Why Good Girls Don't Get Ahead_. But Gutsy Girls Do - Kate White [30]
The problem: Our readers didn't like Marla Maples, and wrote in telling us to keep that good-for-nothin’ husband stealer out of the magazine. I soon came to realize that even though these kinds of pieces took up a very small percentage of the magazine, they detracted from the mission of creating a magazine about the issues most dear to women. I'd told myself originally that readers could just skip over these pieces, but I realized they were probably dragging the whole product down, confusing readers about who we were.
Dr. Rent said that when she created her mission to be an inexpensive undergraduate school, she knew she was going to have to sacrifice trying to be competitive on a doctoral level. “These days you can't be all things to all people,” she says. “You have to be a bistro rather than a cafeteria.”
Be prepared for the fact that in the short term, sacrificing may cost you money.

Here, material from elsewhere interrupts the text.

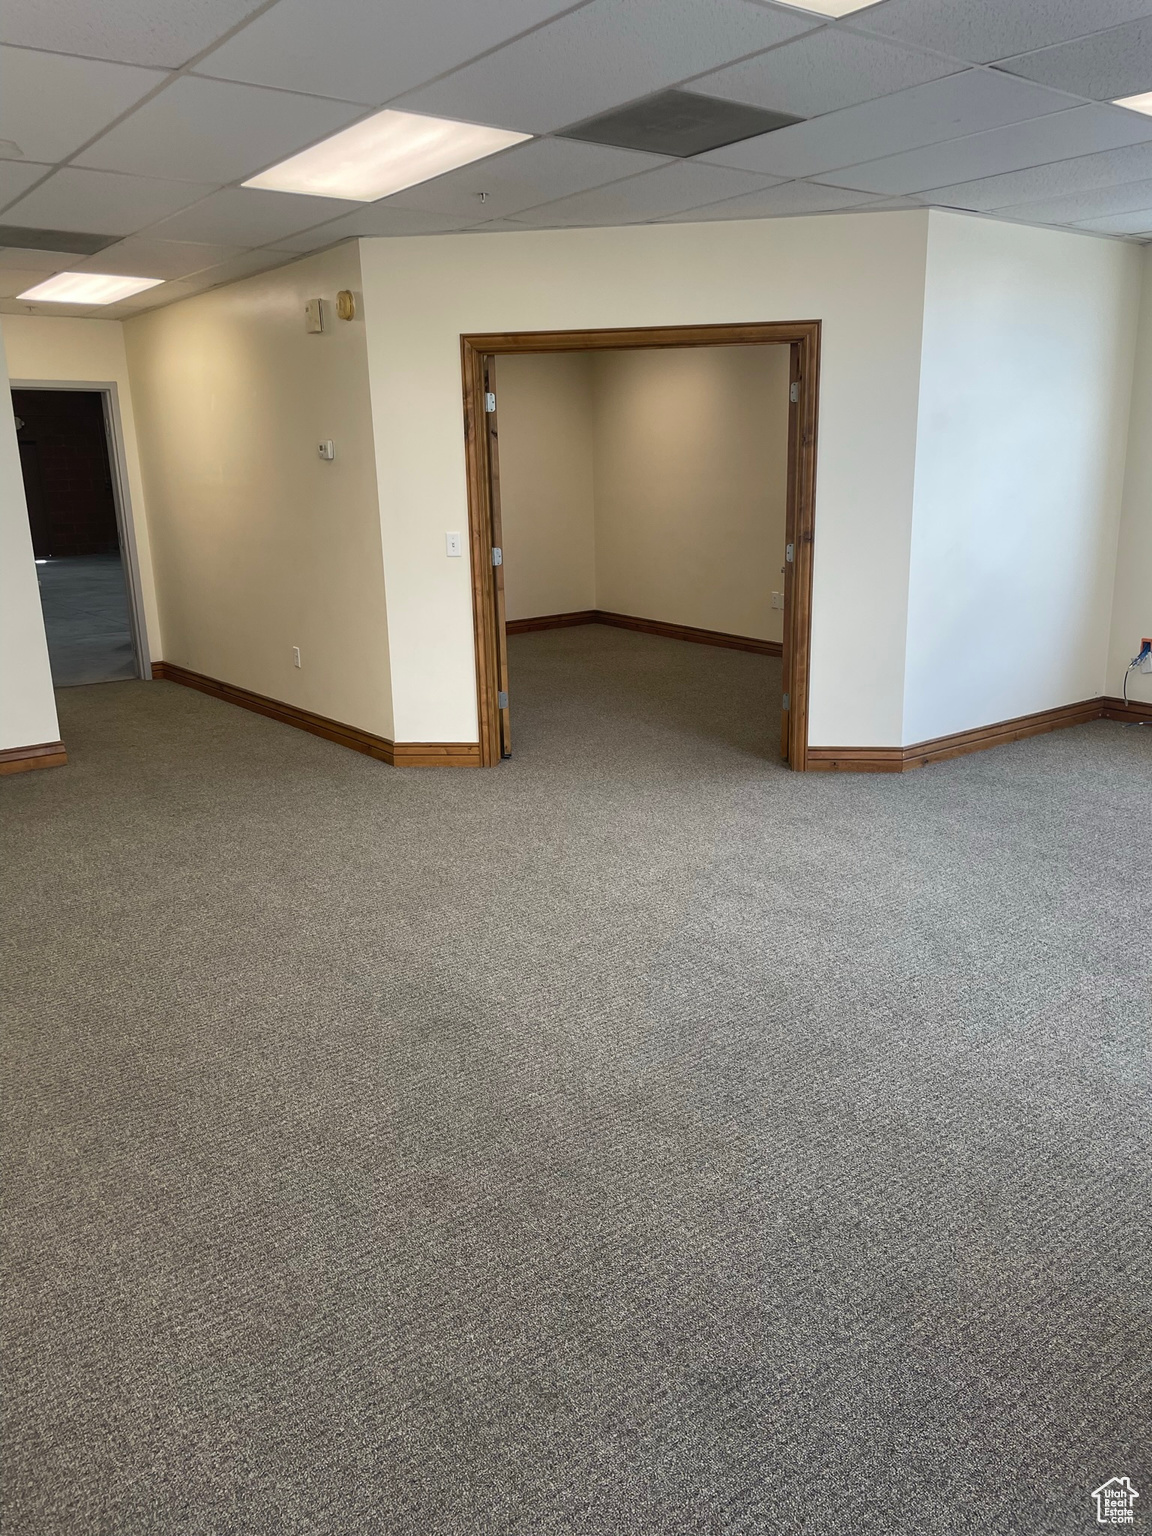 Spare room with light colored carpet and a paneled ceiling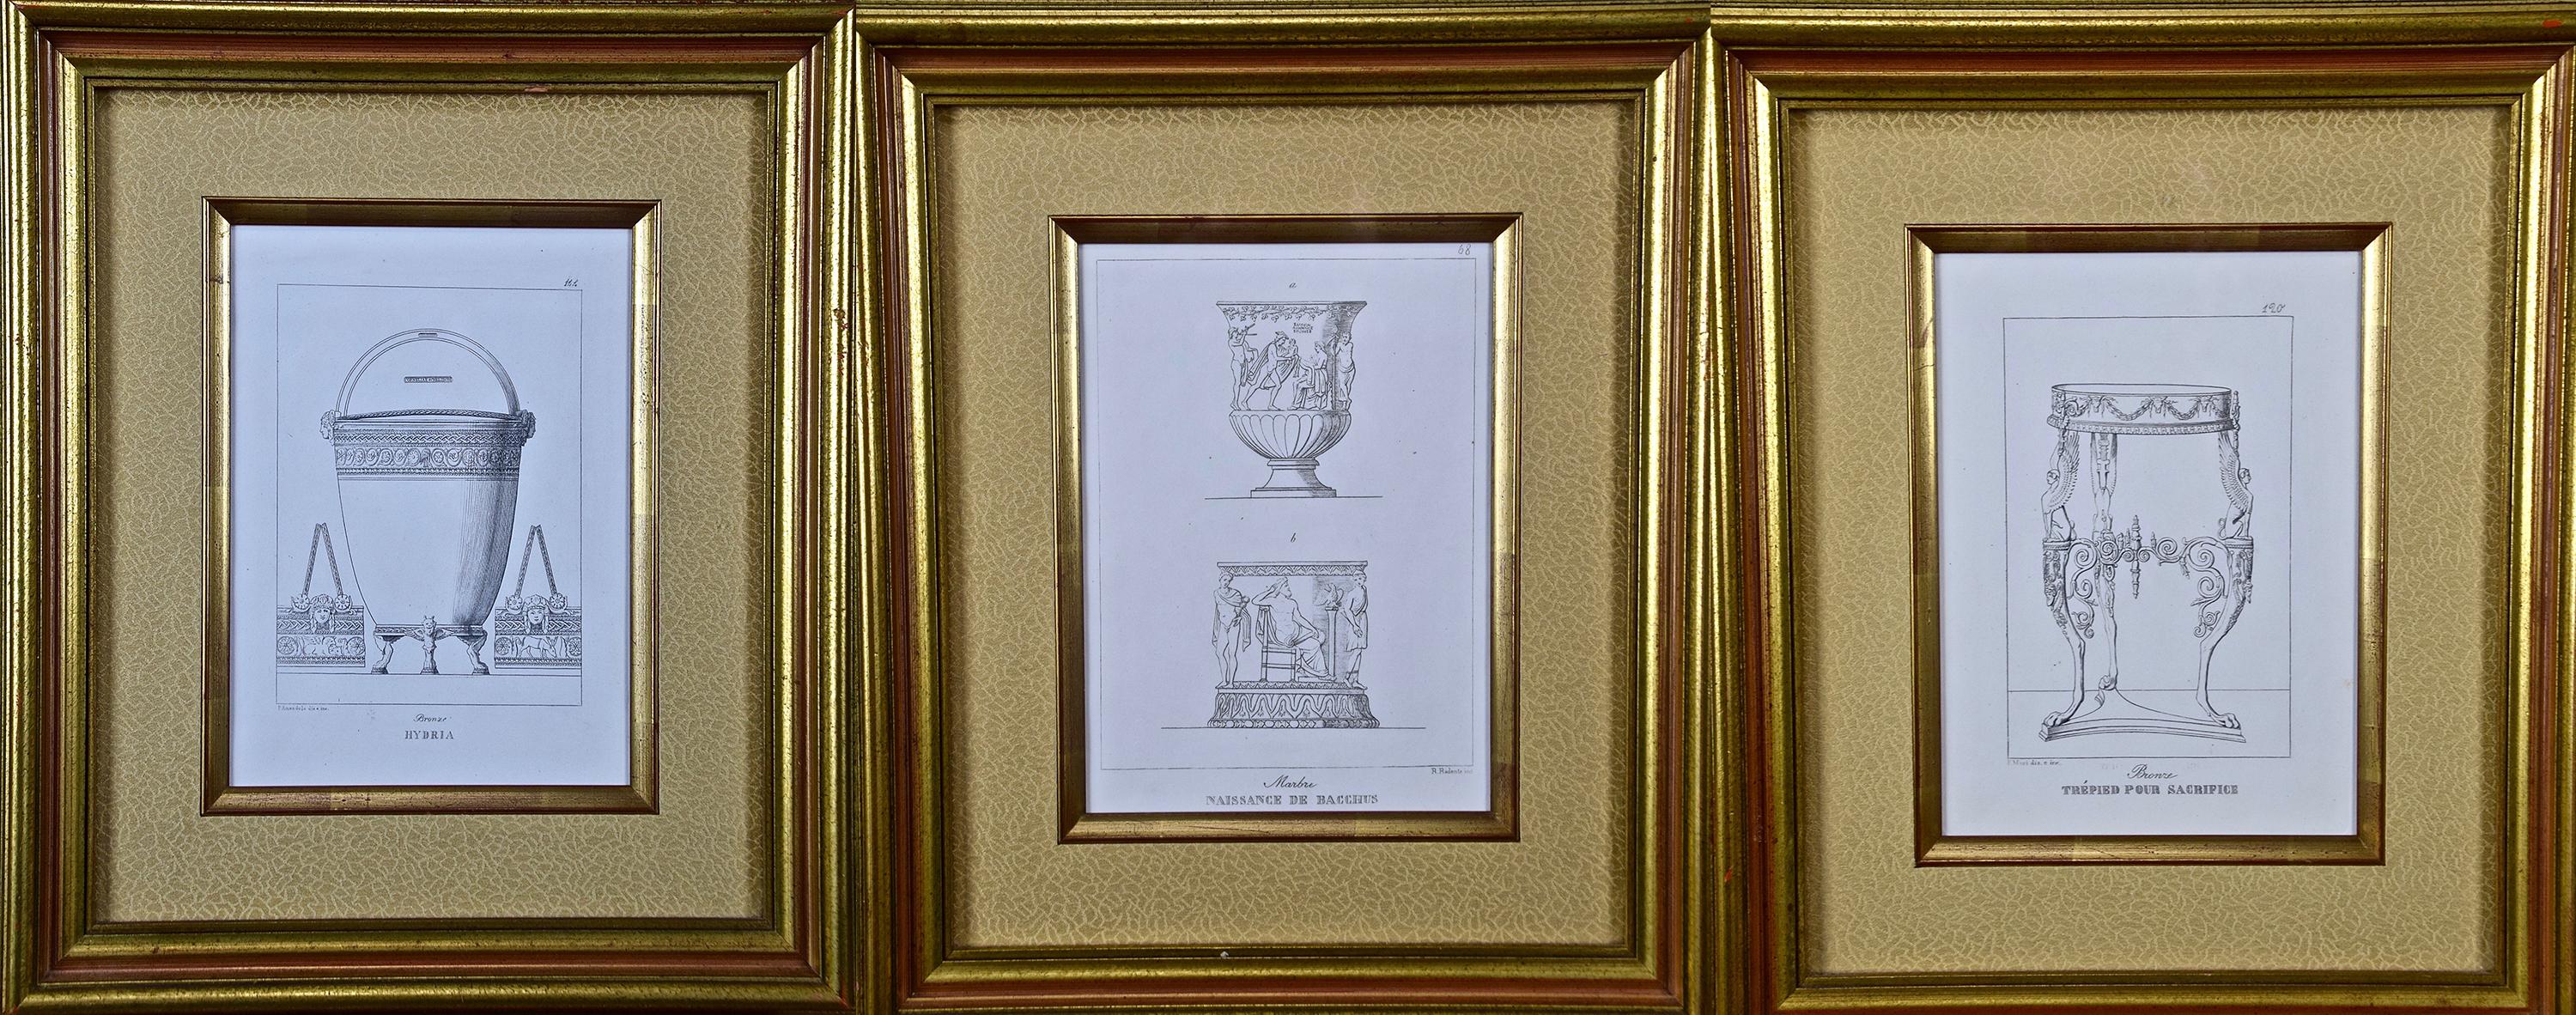 Unknown Interior Print - Three 19th C. Engravings of Classical Italian Bronze Architectural Elements

Laurie Ward says that she gets requests all the time to have her or one of her decorators do a traditional decorating job on a home or apartment. That entails having the decorator do all the shopping and oversee the workpeople, rather than simply providing a “plan” for the clients to execute themselves. “But we turn those jobs down,” says Ward. “If we got into them, they'd divert us from our specialty.”
Hold Absolutely Everything up to Your Mission Statement
When you develop a new vision, it's likely that some of the habitual ways you do business in your department or your area won't facilitate that vision. And yet it may be difficult to notice it because they're so ingrained. It's essential to look at all your systems and evaluate whether any may be causing roadblocks for you.
When I went to Working Woman, I thought it looked as if it were trapped in the late seventies or early eighties, like a woman wearing a navy, man-tailored suit and sensible shoes. I wanted to make the magazine seem relevant for women's lives in the nineties. I was also concerned about advertisers’ perception of the magazine. Many advertisers were under the assumption that Working Woman was a women's service magazine similar to Self and New Woman, rather than a publication filled primarily with career and management strategies.
I started making the graphics much livelier and the articles breezier. Then I set out to liven up the covers. For years the magazine had used models in business suits on the covers, twenty-three-year-old girls just out of Iowa, who knew so little about business that they probably thought that downsizing was something you had to do before a bathing suit photo shoot. The results seemed phony to me. I told the art director to find older, more experienced-looking models.
About five or six months into the job, I suddenly realized that I had accepted the model cover concept automatically—because that was how it had always been done. Yet using models only reinforced the idea that Working Woman wasn't really a business magazine. Could you imagine Fortune or Forbes hiring guys from the J. Crew catalog to pose in suits for their covers? From that point on I decided to use only successful, powerful women on the cover. I knew that “real people” wouldn't sell as well initially, but the magazine was primarily subscription driven. The new covers not only made the magazine seem much more energetic, but they suddenly fit with the mission.